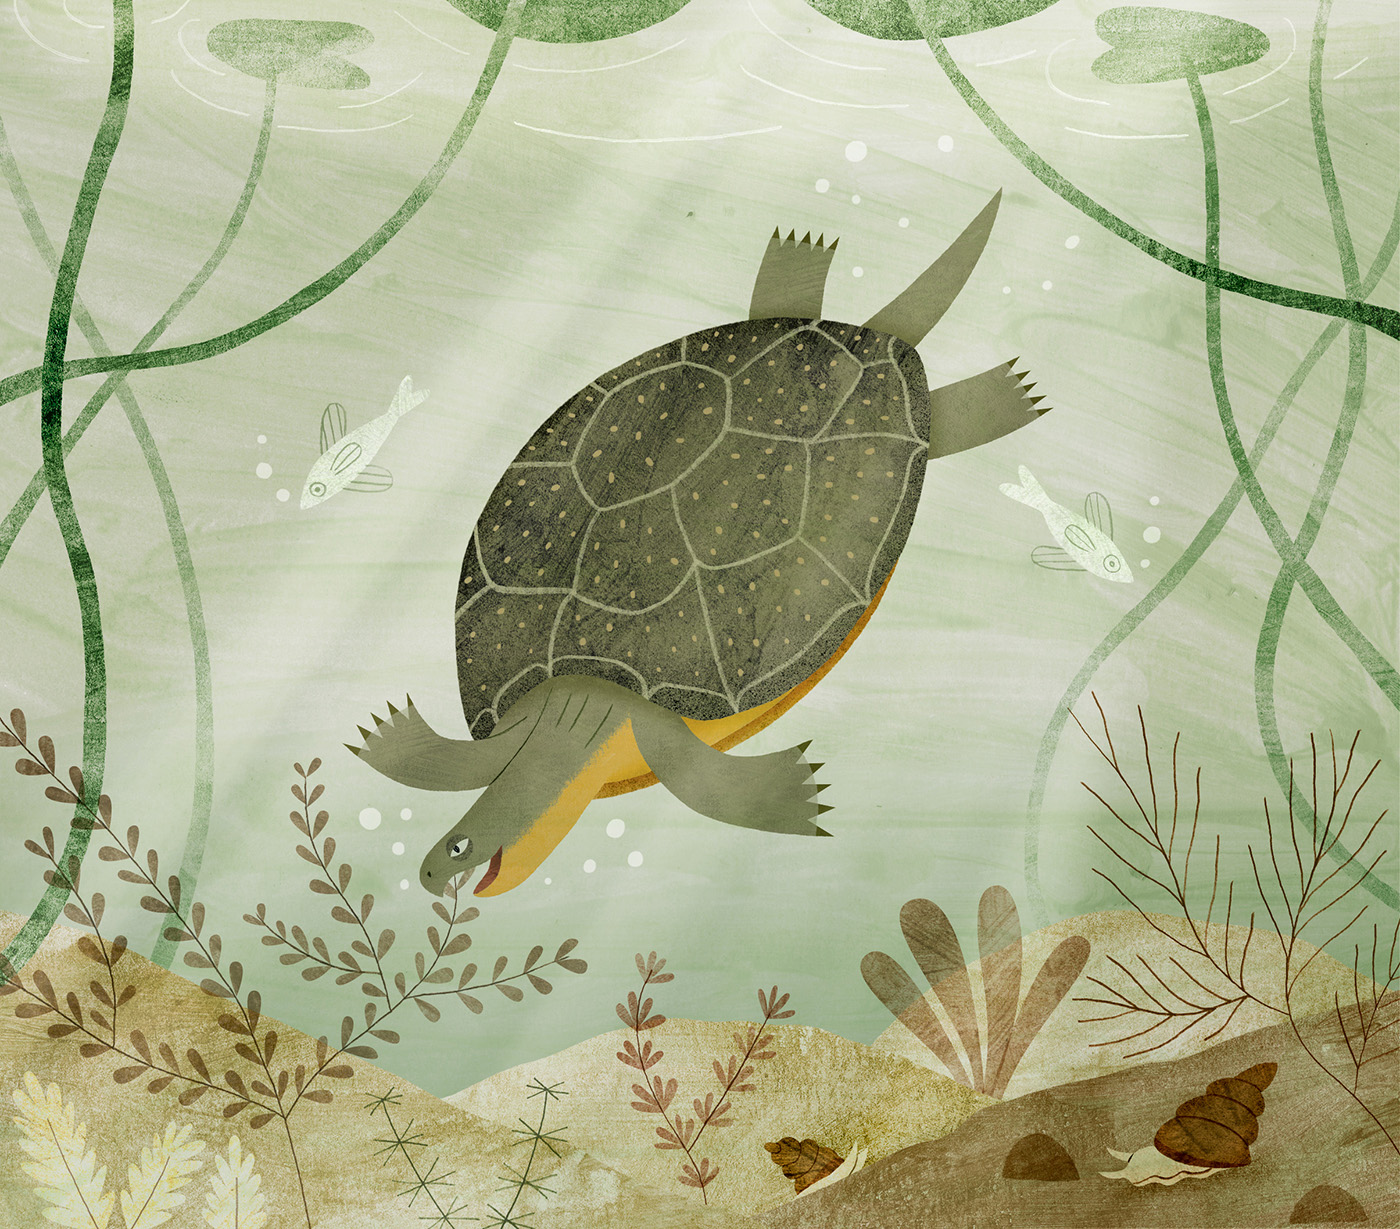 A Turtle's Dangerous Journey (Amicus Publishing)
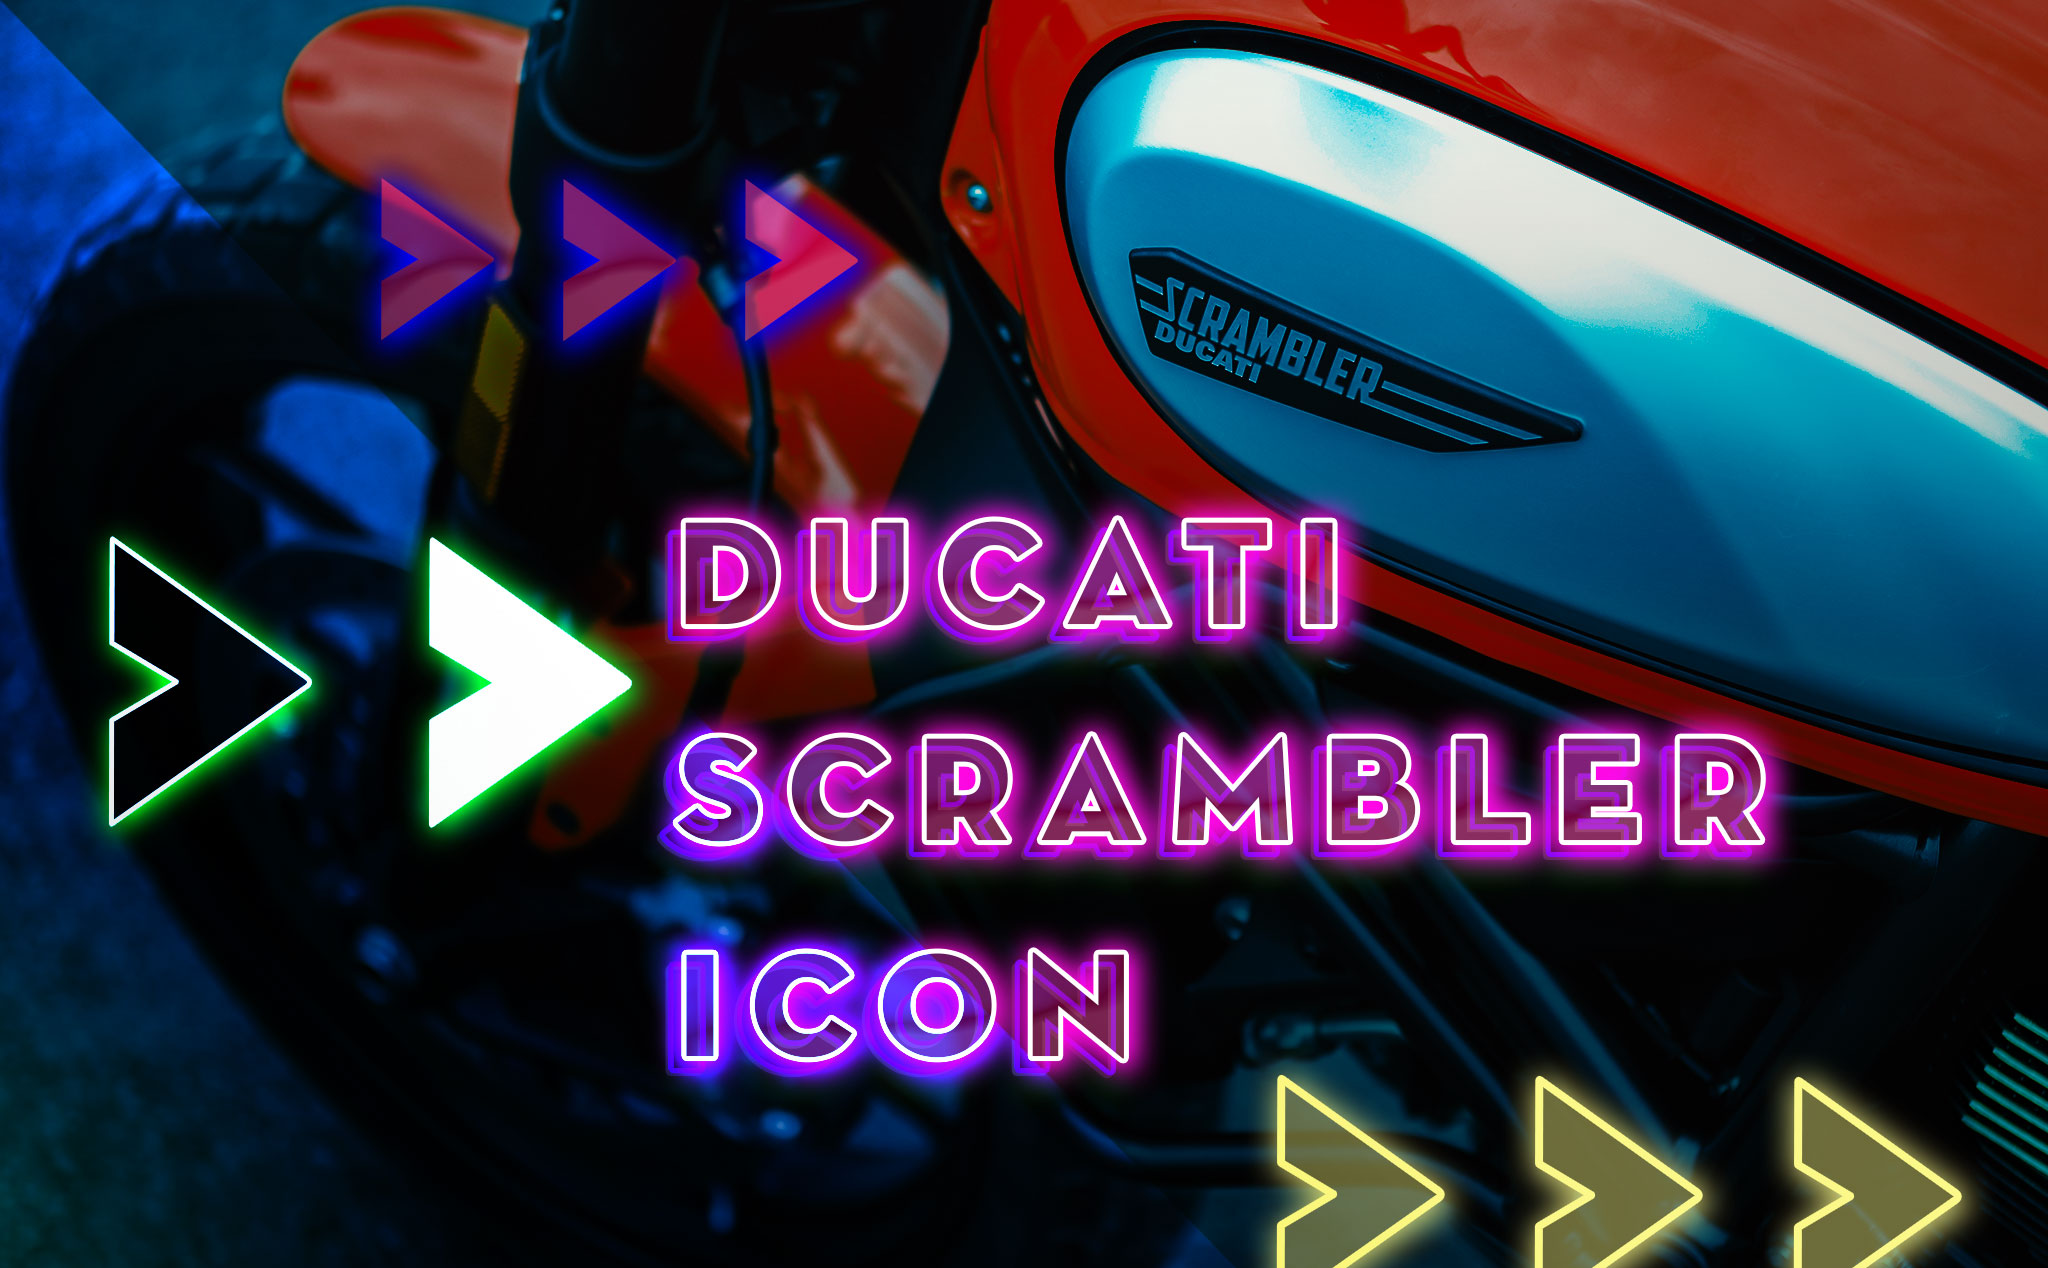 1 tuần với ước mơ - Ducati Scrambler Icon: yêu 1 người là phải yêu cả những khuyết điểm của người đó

......

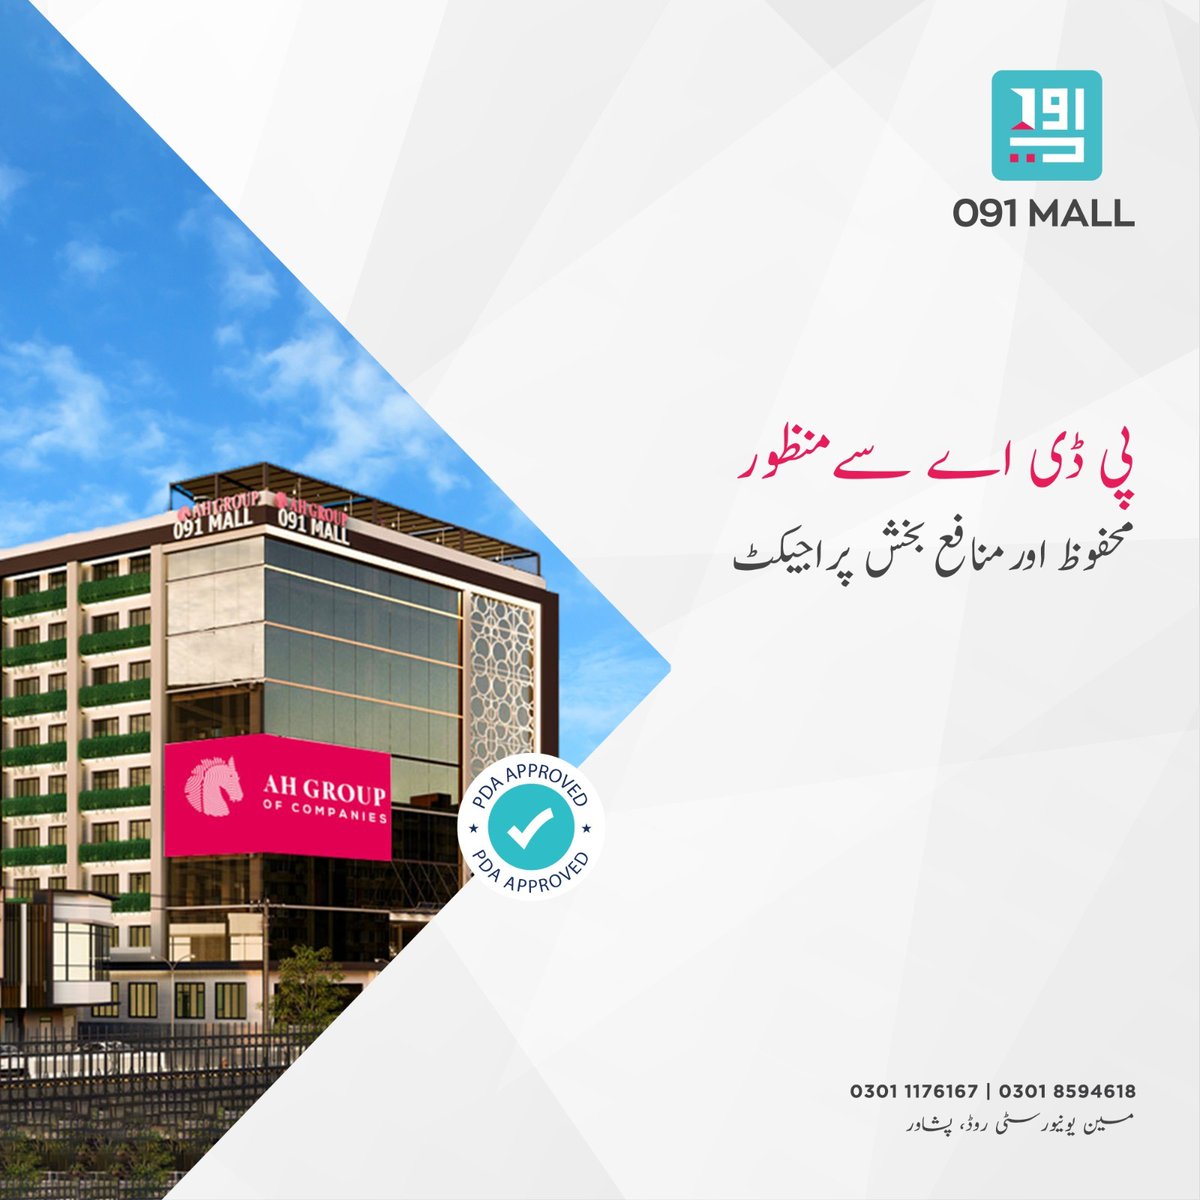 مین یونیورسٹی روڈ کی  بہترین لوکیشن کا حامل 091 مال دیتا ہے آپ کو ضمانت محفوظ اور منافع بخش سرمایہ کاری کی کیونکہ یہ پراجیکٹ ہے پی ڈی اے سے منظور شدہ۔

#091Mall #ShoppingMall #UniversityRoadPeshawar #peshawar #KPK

......

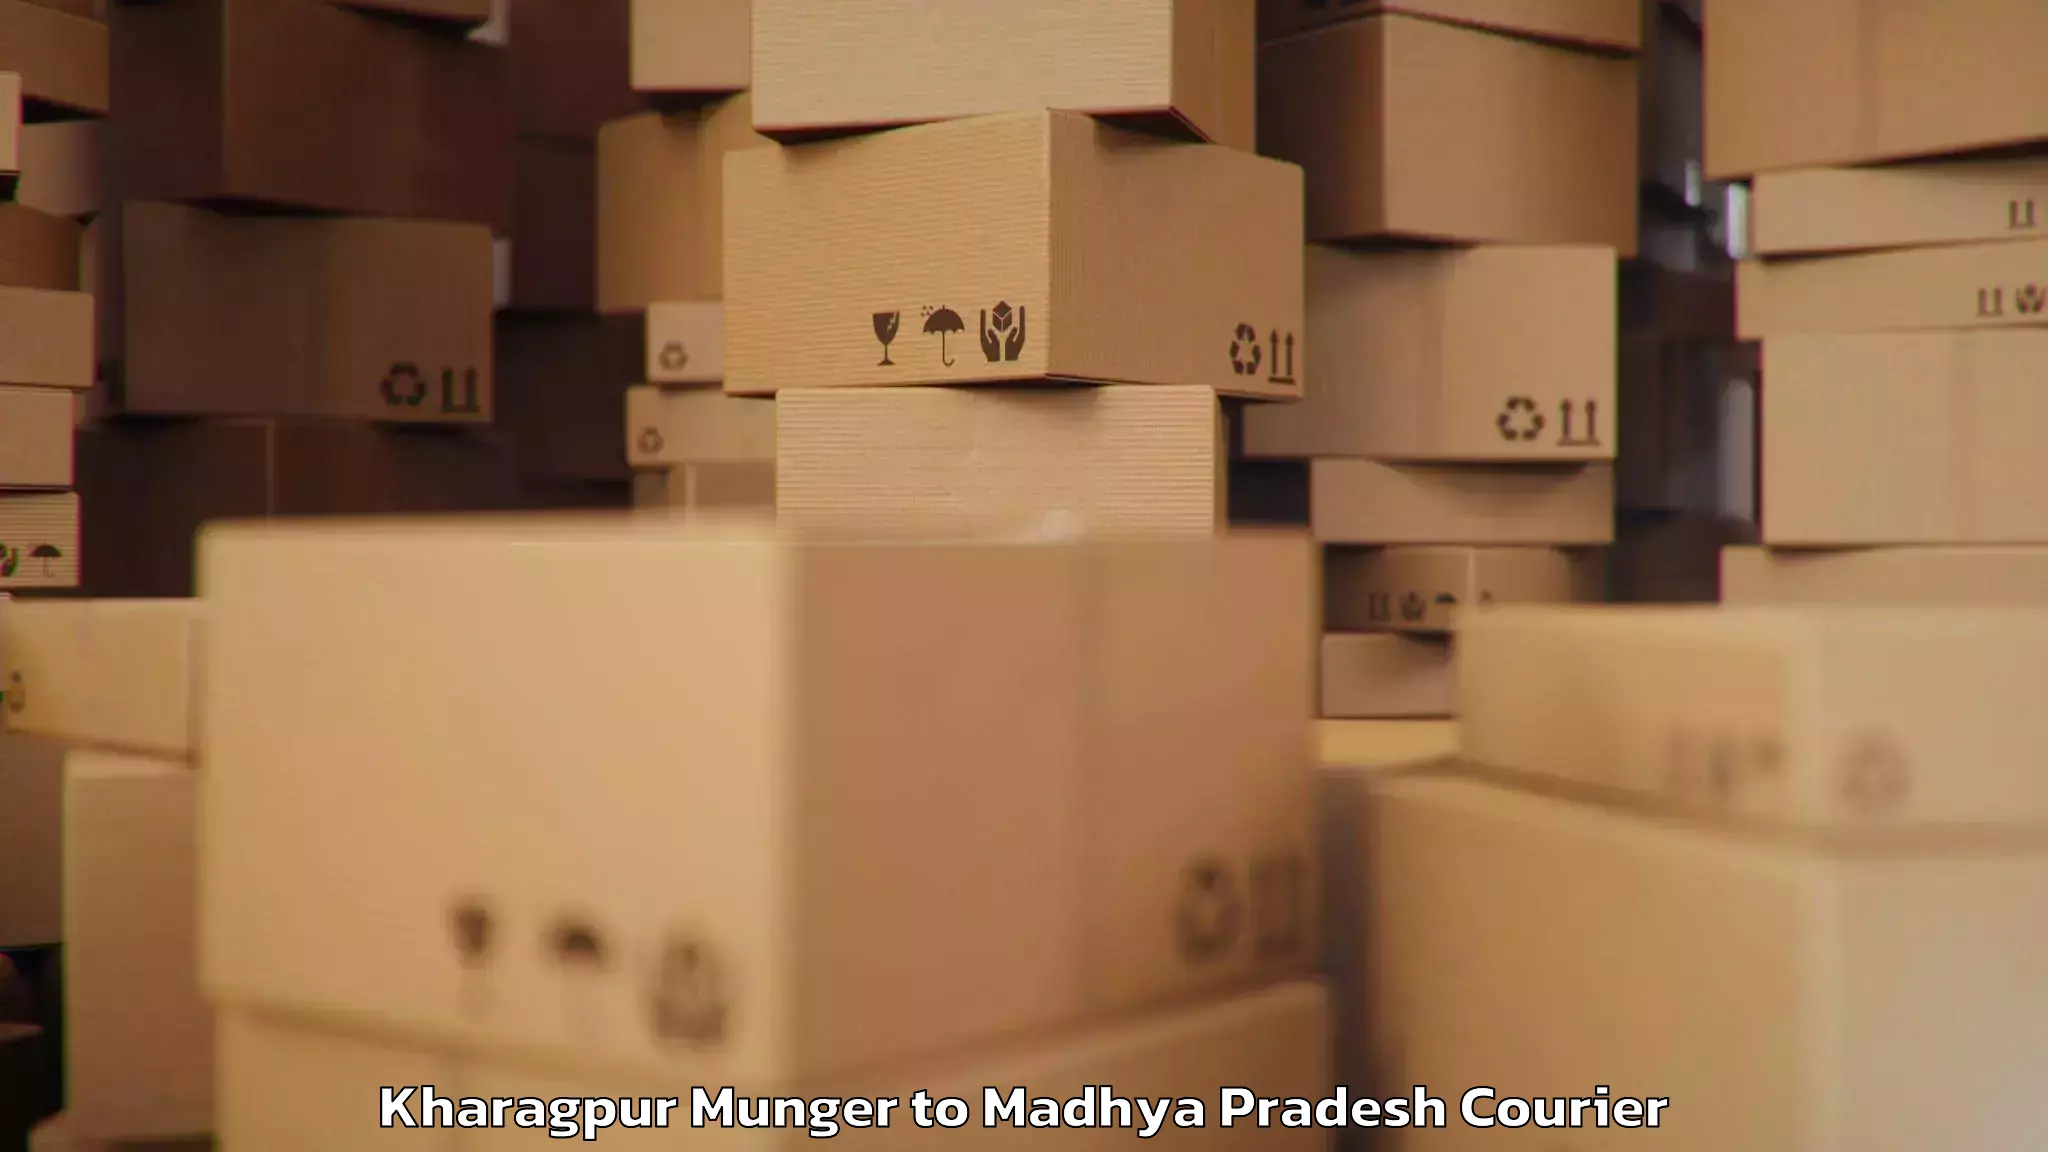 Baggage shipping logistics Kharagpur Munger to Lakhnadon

......

(Task item) In the entries above, find the line with "A Turtle's Dangerous" and the line with "1 tuần với ước". Return exactly those lines and all the ones between them, pictures excluded.

(Response to the task)
 A Turtle's Dangerous Journey (Amicus Publishing)
 1 tuần với ước mơ - Ducati Scrambler Icon: yêu 1 người là phải yêu cả những khuyết điểm của người đó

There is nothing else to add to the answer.